SUPPLIED MATERIAL:
....

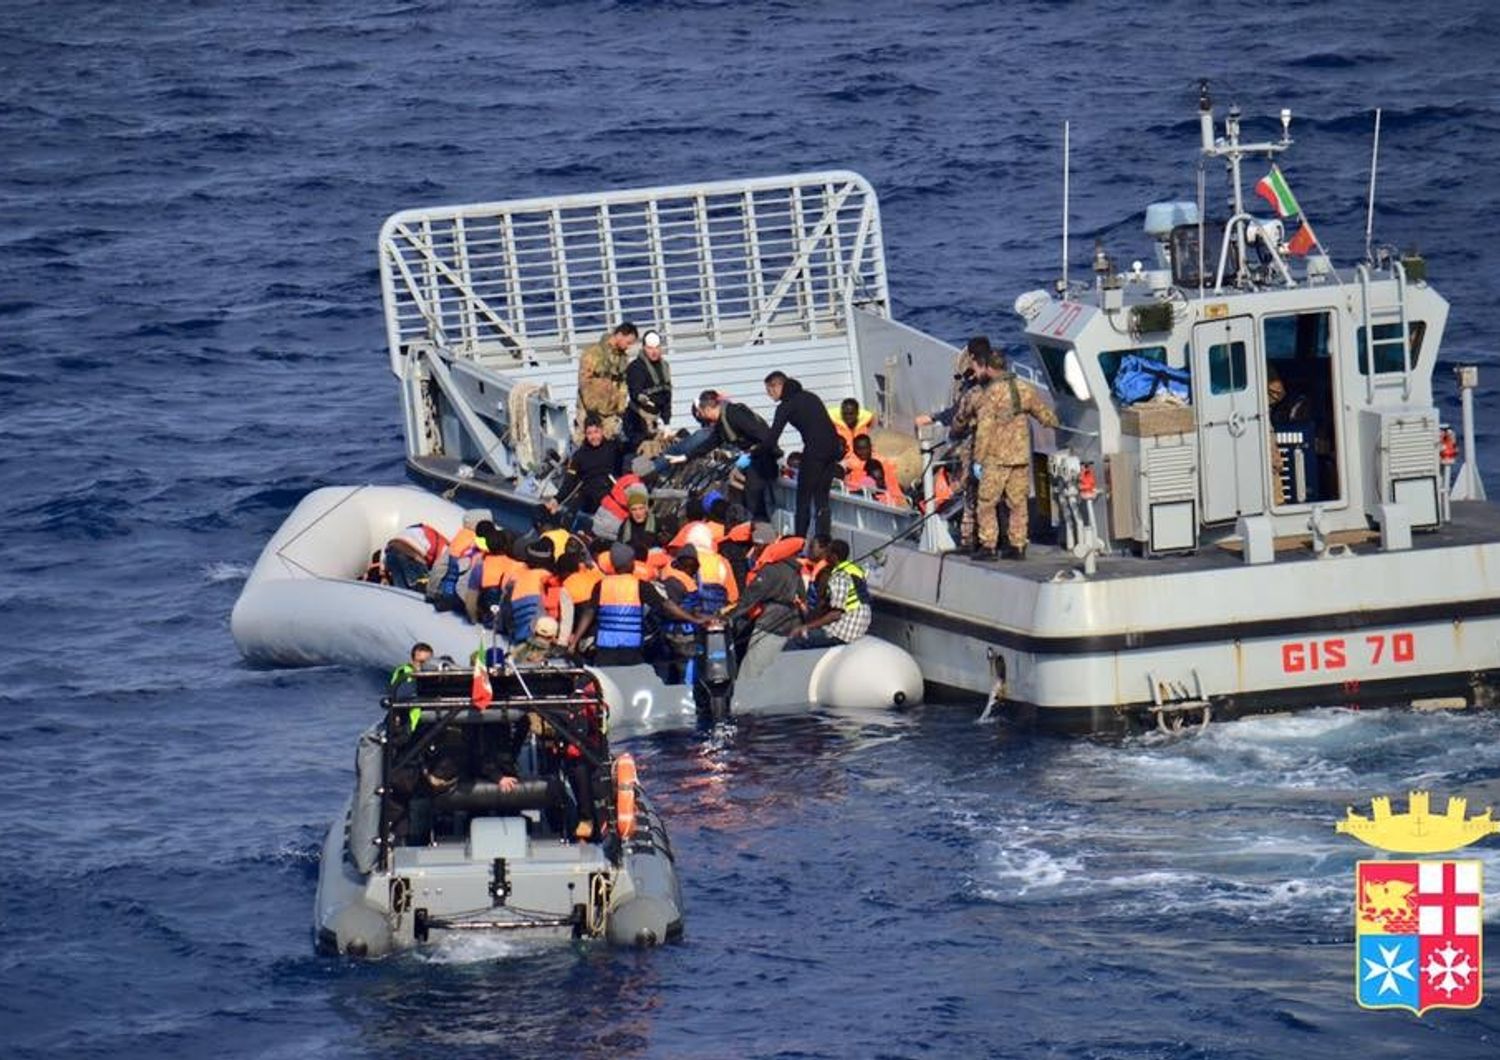 Salvataggio di migranti in mare
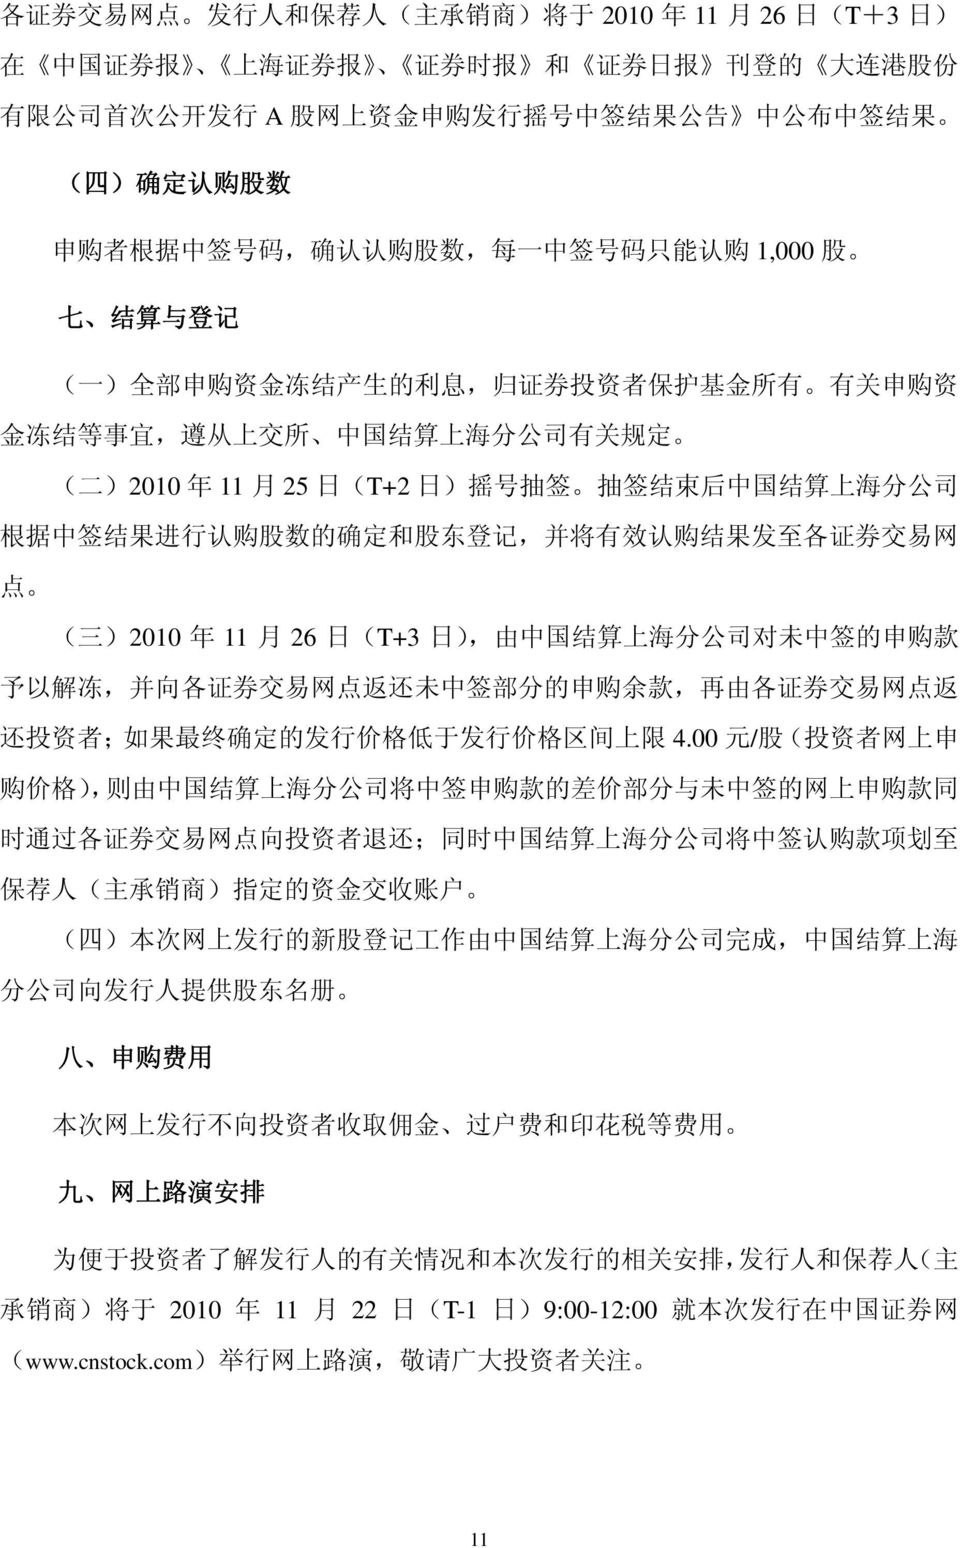 定 ( 二 )2010 年 11 月 25 日 (T+2 日 ) 摇 号 抽 签 抽 签 结 束 后 中 国 结 算 上 海 分 公 司 根 据 中 签 结 果 进 行 认 购 股 数 的 确 定 和 股 东 登 记, 并 将 有 效 认 购 结 果 发 至 各 证 券 交 易 网 点 ( 三 )2010 年 11 月 26 日 (T+3 日 ), 由 中 国 结 算 上 海 分 公 司 对 未
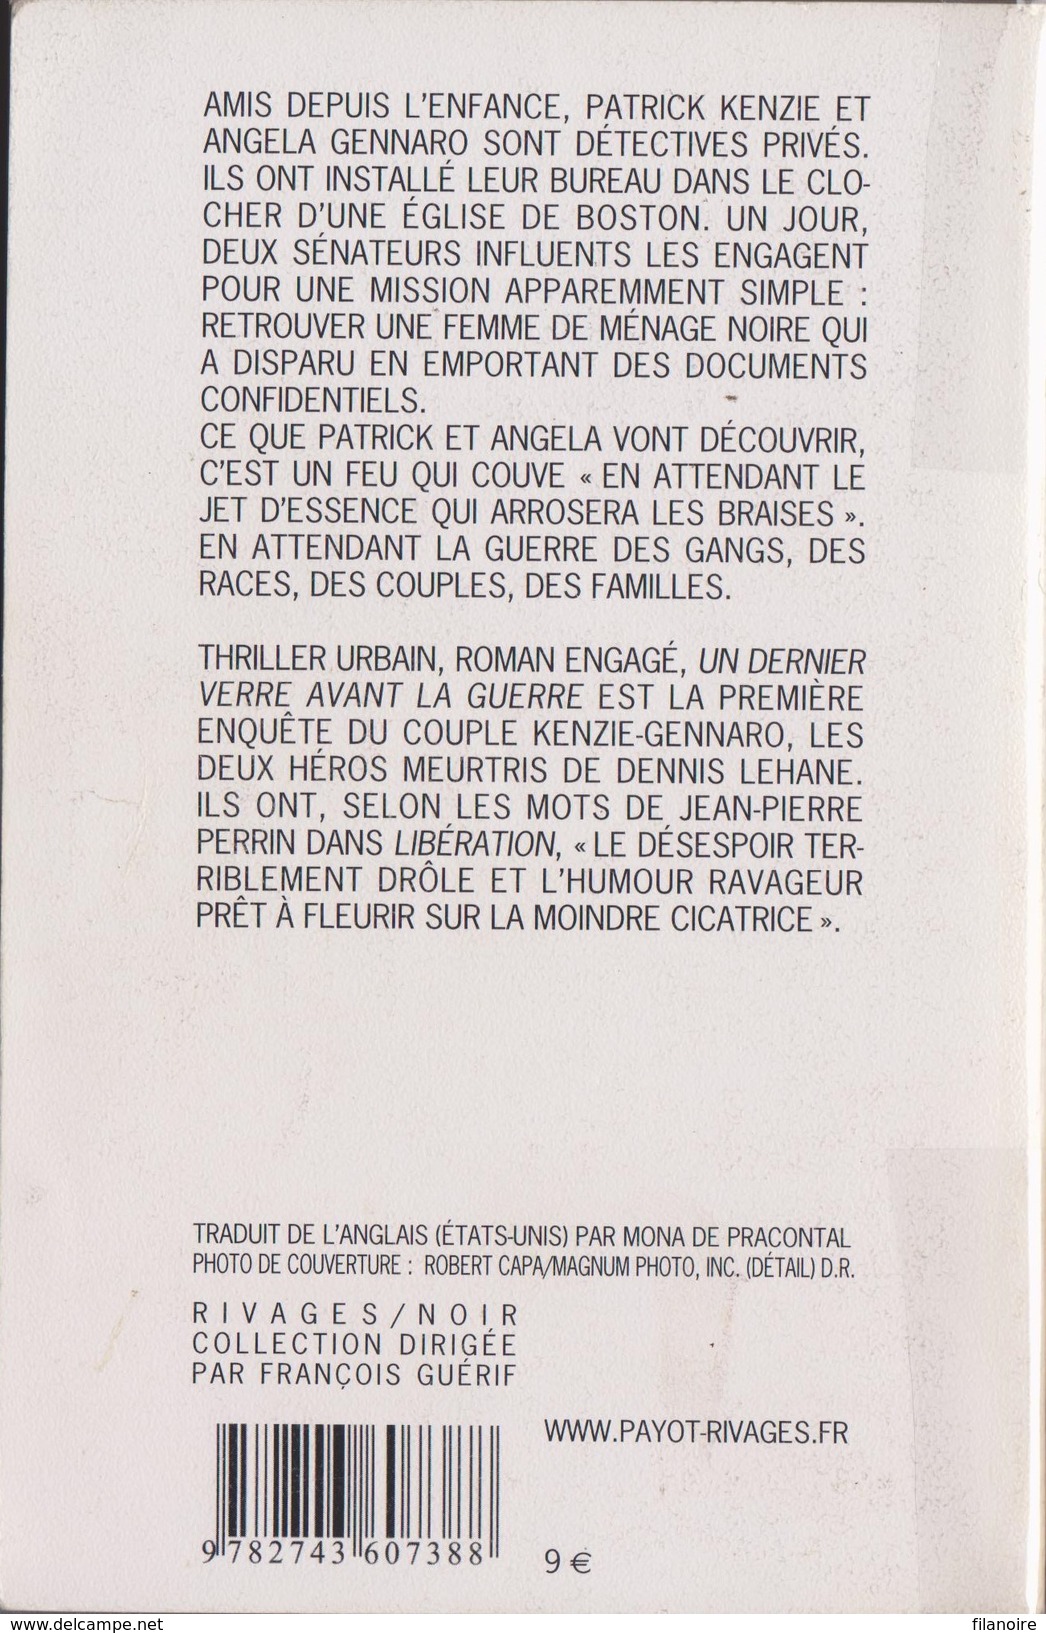 Dennis LEHANE Un Dernier Verre Avant La Guerre Rivages Noir N°380 (2005) - Rivage Noir

....

Print the data above in full and exactly as it appears, skipping the pictures.

TASK RESULT:
 Salvataggio di migranti in mare
 定 ( 二 )2010 年 11 月 25 日 (T+2 日 ) 摇 号 抽 签 抽 签 结 束 后 中 国 结 算 上 海 分 公 司 根 据 中 签 结 果 进 行 认 购 股 数 的 确 定 和 股 东 登 记, 并 将 有 效 认 购 结 果 发 至 各 证 券 交 易 网 点 ( 三 )2010 年 11 月 26 日 (T+3 日 ), 由 中 国 结 算 上 海 分 公 司 对 未
 Dennis LEHANE Un Dernier Verre Avant La Guerre Rivages Noir N°380 (2005) - Rivage Noir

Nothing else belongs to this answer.